= Lee Hill (cinematographer) =

New Zealand cinematographer and photographer (1907–1952)

Lee M. Hill full name Leighton McLeod Hill (13 March 1907 – 5 June 1952) was a New Zealand film-maker and cinematographer. He was born in Carterton, attended Carterton School and Dannevirke High School, and died in Wellington.

==Career==
Hill worked for J. S. Vinsen for ten years and as a freelance. He also worked with Rudall Hayward in the 1920s, making local "community comedies", but later made some himself in competition with Hayward e.g. Frances of Fielding.

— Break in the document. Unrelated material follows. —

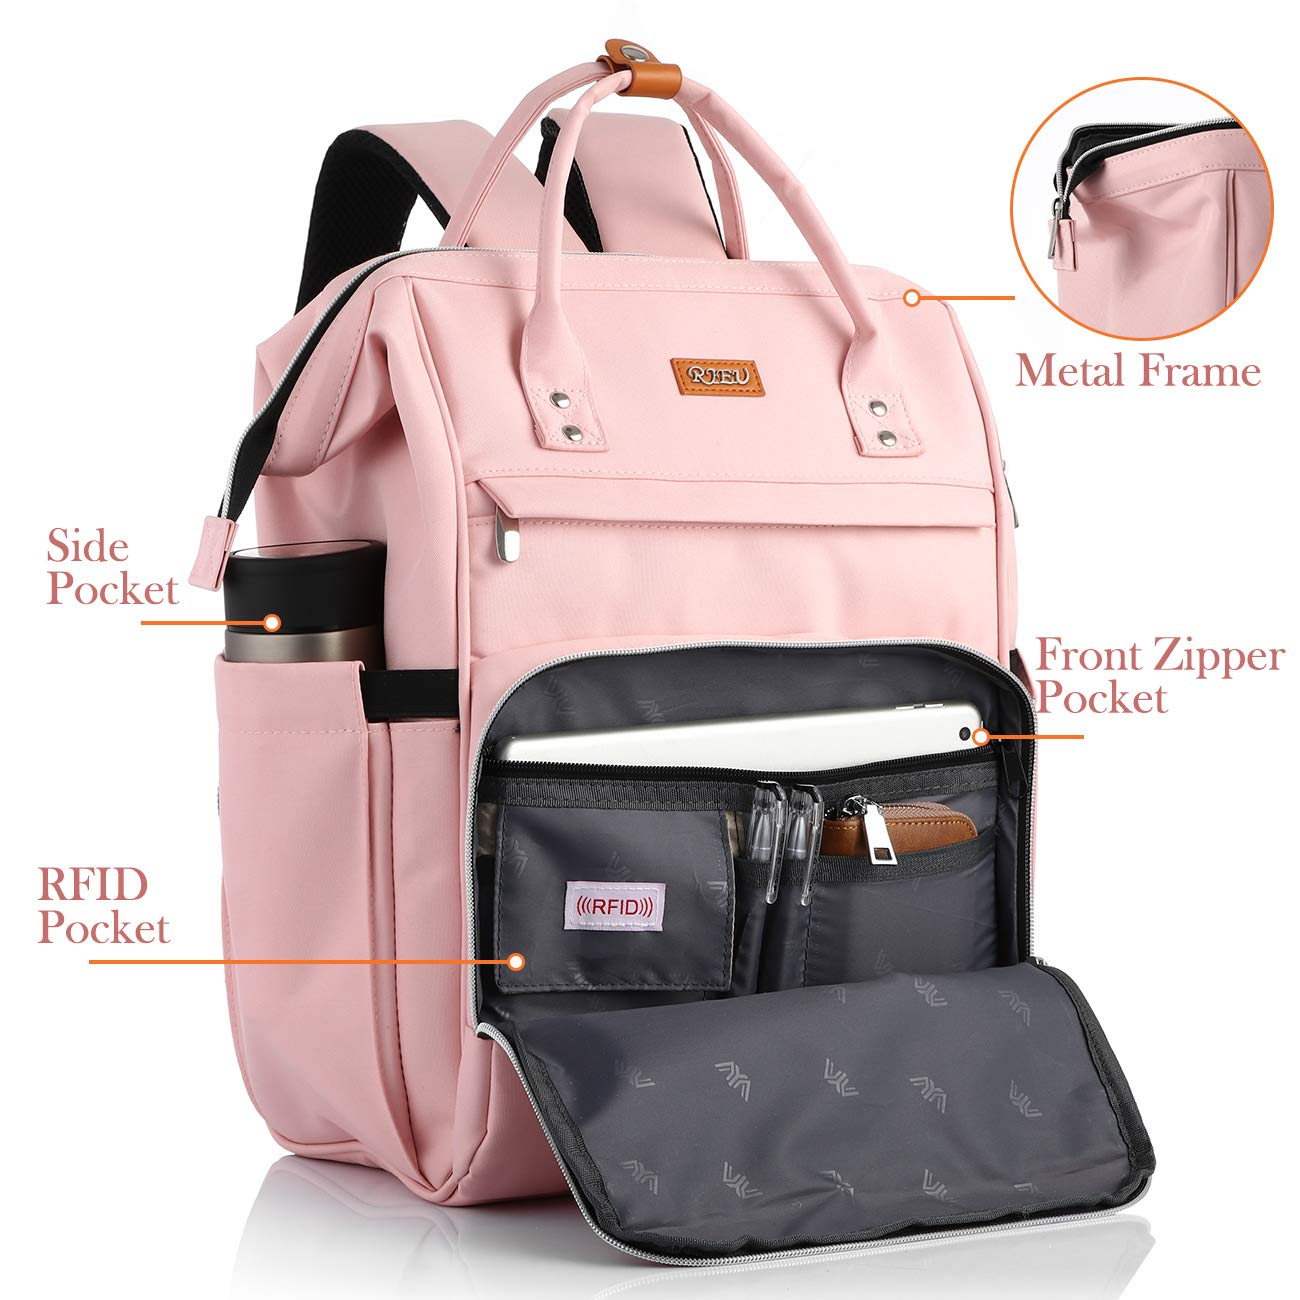 RJEU Backpack School,Backpack for Women,Bookbag for Teen Girls,Computer Laptop Bag for Teacher Nurses College,Waterproof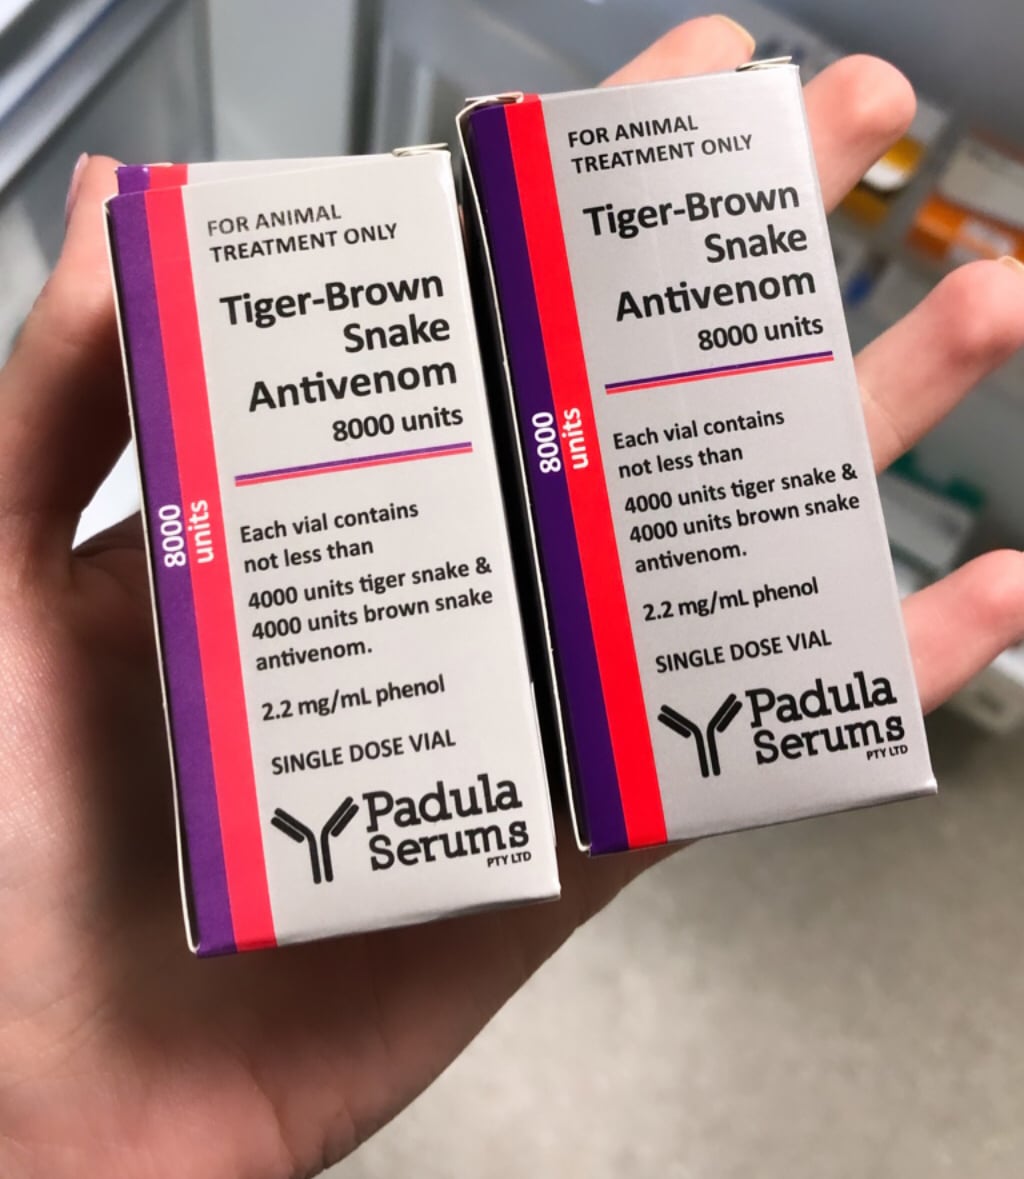 Padula Serums tiger-brown snake antivenom. packets

Hill was an Army photographer in the 2NZEF in World War II. He was captured at Sidi Aziz in 1941 and spent several years as a German prisoner-of-war. Towards the end of the war he was in Oflag IX A/Z at Rotenburg an der Fulda, where he showed German silent films to prisoners. When the camp was marched east in 1945, he took a series of photographs of the march. Examples of these are in the Turnbull Collection, New Zealand.

After the war, Hill was associated with Apex Films Ltd and his own Television Films Ltd. He took over the Vogue Theatre in Brooklyn, Wellington, but died suddenly, leaving a wife and family.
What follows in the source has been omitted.